Он взволновано перевел дыхание и замолчал, ожидая ответа.

– Ты сейчас должен понять одно, брат Тэмуджин, – веско сказал Кокэчу. – Чтобы научиться властвовать, сначала надо научиться покорности.

– Какой еще покорности? – опешил Тэмуджин. – Кому?..

– А кто тебе сейчас помогает? – невозмутимо говорил Кокэчу, все так же глядя мимо него. – Мы, шаманы, помогаем тебе и ты должен слушаться нас.

– Нойон не должен никого слушаться! – запальчиво сказал Тэмуджин. – Мой отец никого не слушал, да и у нас самих род дарханский…

– Тише, тише, – Кокэчу, казалось, был испуган его голосом, он быстро оглянулся по сторонам, – не о том ведь речь, нойон властен перед народом, но он должен поступать по велениям богов, а послы между богами и земными людьми – шаманы.

– И что я должен делать?

– Ты должен показать нам, что готов выполнять повеления богов.

– Я и готов к этому… – Тэмуджин вдруг подумал: «А может быть, сказать ему, что этой зимой я сам во сне летал на восьмое небо и встречался с Эхэ Сагаан и его праправнуком Чингис Шэрээтэ? – Помедлив, он передумал: – Нет, пусть лучше не знает, а то потом что-нибудь скажет мне про это, а я не буду знать, правду он говорит или лжет…»

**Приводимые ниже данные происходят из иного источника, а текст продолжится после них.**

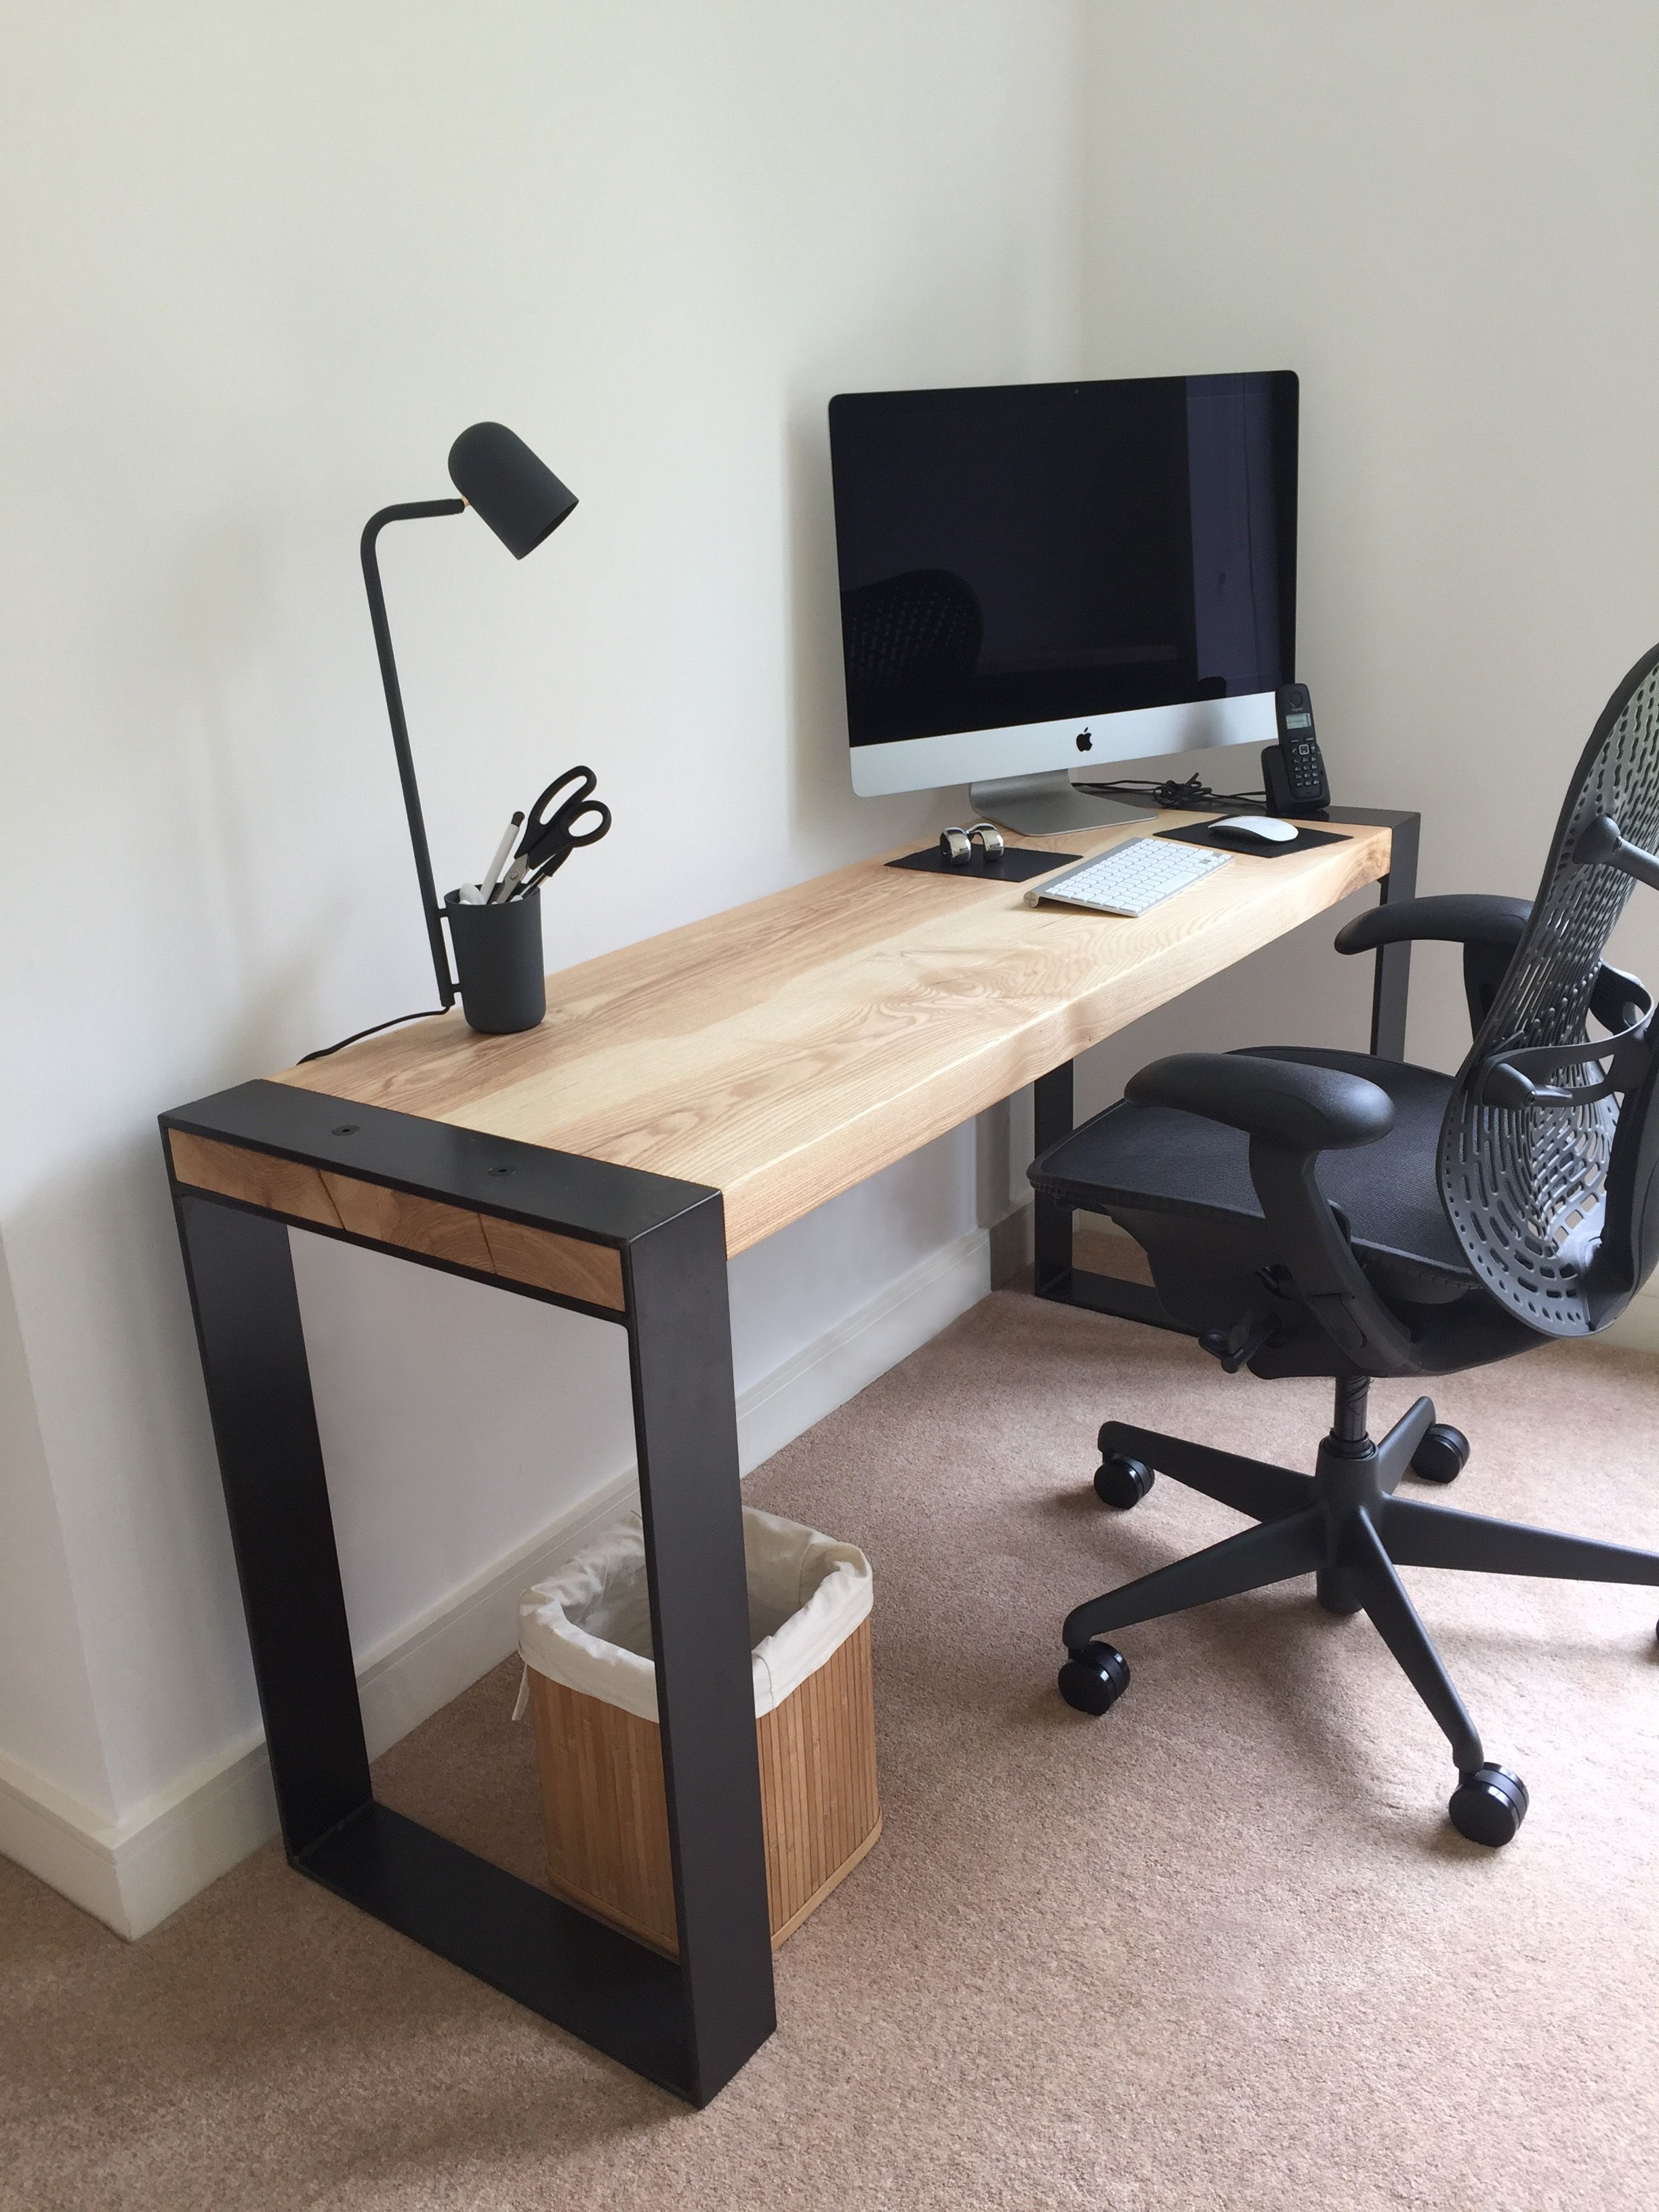 Bespoke Ash Desk in 2020 Wood furniture living room

– Нет, Тэмуджин, – улыбнулся Кокэчу, – ты нам должен это показать, и тебе нужно принести особую клятву, а то как мы можем быть в тебе уверены? Без этого мы не можем взяться за такое большое дело.

– А как же большие шаманы? – спросил Тэмуджин. – Те, которые вызывали меня к себе позапрошлым летом и говорили со мной? Они тоже так считают или ты сам все это придумал?

– Большие шаманы стареют, – в голосе Кокэчу послышалась пренебрежительная усмешка, – недалеко то время, когда и они отправятся в мир предков, а земные дела вершить нам.

– Значит, не они это решили, что я должен давать вам клятву?

– Не они.

– Тогда почему я тебе должен верить?

– Потому что все это время тебе помогали мы с отцом и никто кроме нас… и мы дальше будем тебе помогать, мы все для тебя сделаем, если только ты сам будешь считаться с нашими мыслями… И еще потому, что кроме нас тебе не на кого положиться, улус твоего отца вернуть тебе можем только мы – люди рода хонхотан. Все остальные рода отвернулись от вас. И тысячники ваши могут от тебя отвернуться, а взять их в узду сможем только мы…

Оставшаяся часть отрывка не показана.